I have been expecting the death of my family’s dog, Littles, for years, now. I’m home at my parents’ house for vacation, and I am once more considering her demise. She’s the first and only dog my family has had. She’s a Lab-Rottweiler mix, and when she looks at me with her deep brown eyes, I think she sees me as a bad person. I…
Don’t give food.
Sometimes here, sometimes gone. Confusing.
Took her on that really hard walk that one time. Did not bring treats.
She’s 14 years old, and one night wandered into the room where Mitch and I were sleeping. She never sleeps in there and I think she was lost. She lay down in the middle of the floor. Lying in bed with the lights off, Littles-the-aged sleeping on my floor making weird scooting, wheezing, scratching noises, I grew increasingly anxious. What if she dies, tonight, in here?
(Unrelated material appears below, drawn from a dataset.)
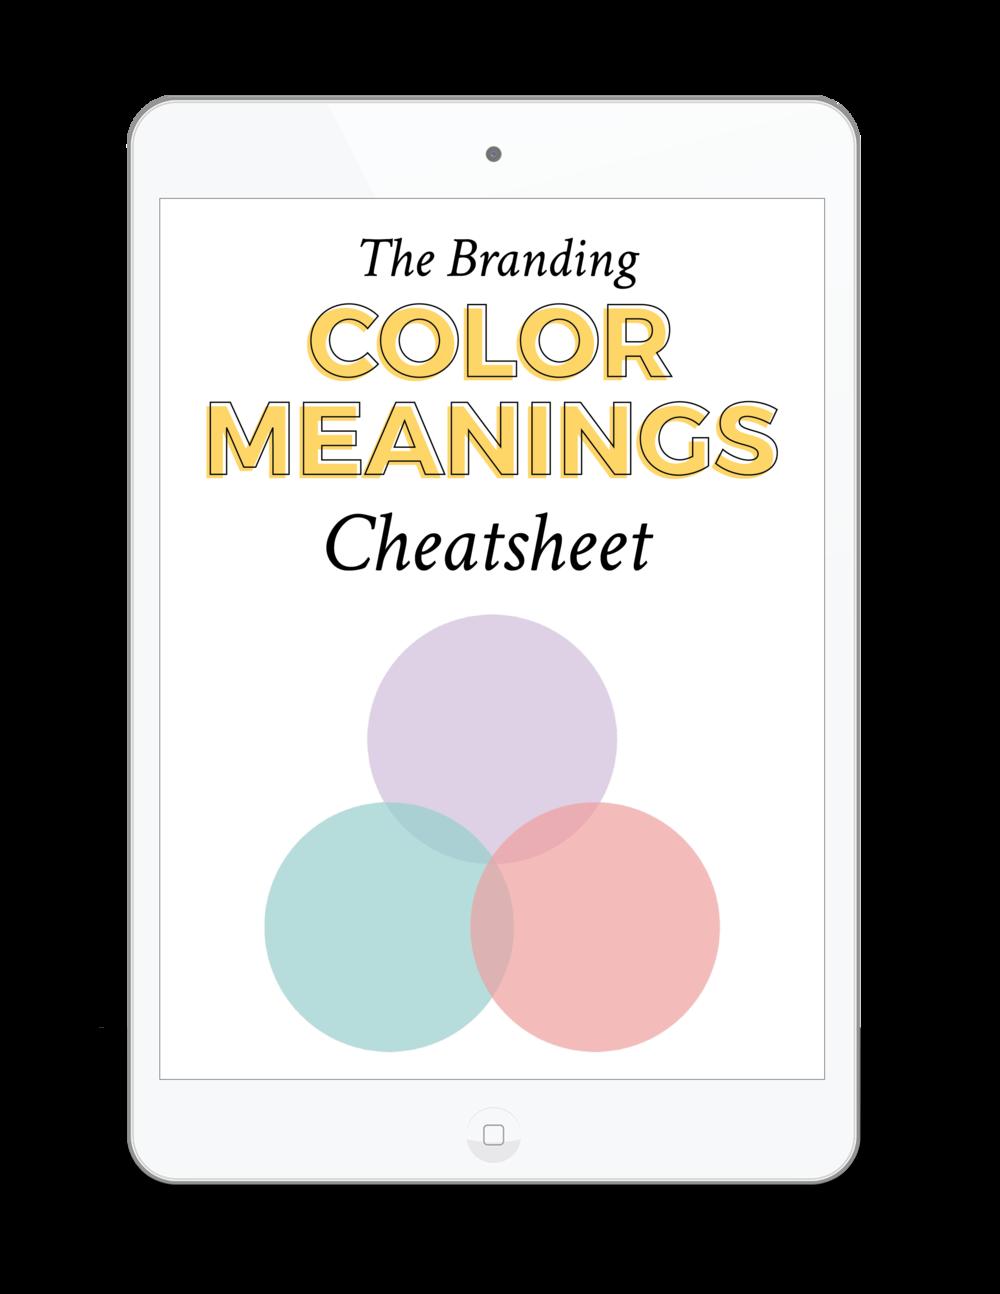 The Branding Color Meanings Cheatsheet -

I turned on the lights and she looked at me, horror-stricken. Maybe she could sense my unease, and it worried her. Maybe she suddenly thought she was going to be stuck with me forever. I spoke soothingly to her, but she’s deaf. I tried to lure her out of the room, and she just looked confused. I brought her bed into the room so that she’d be less scared and realize that I have purpose as a human being. She didn’t move. Mitch told me to put it back.
I had thought that I had come to total terms with the fact that she’s old and going to die soon, in several years, or whenever. I had hugged and kissed her goodbye forever each time I left Colorado. I thought that took care of it. But I realized that if I woke up with her dead in my childhood room I would not be okay. I was frightened of the prospect of death so close to me and leaving actual remains, actual evidence beyond memories and an emotional connection. That kind of death feels so creepy and crazy and unreal.
She made it fine through the night, though. And now whenever she’s sleeping, I stare at her, making sure her body is still moving with breath.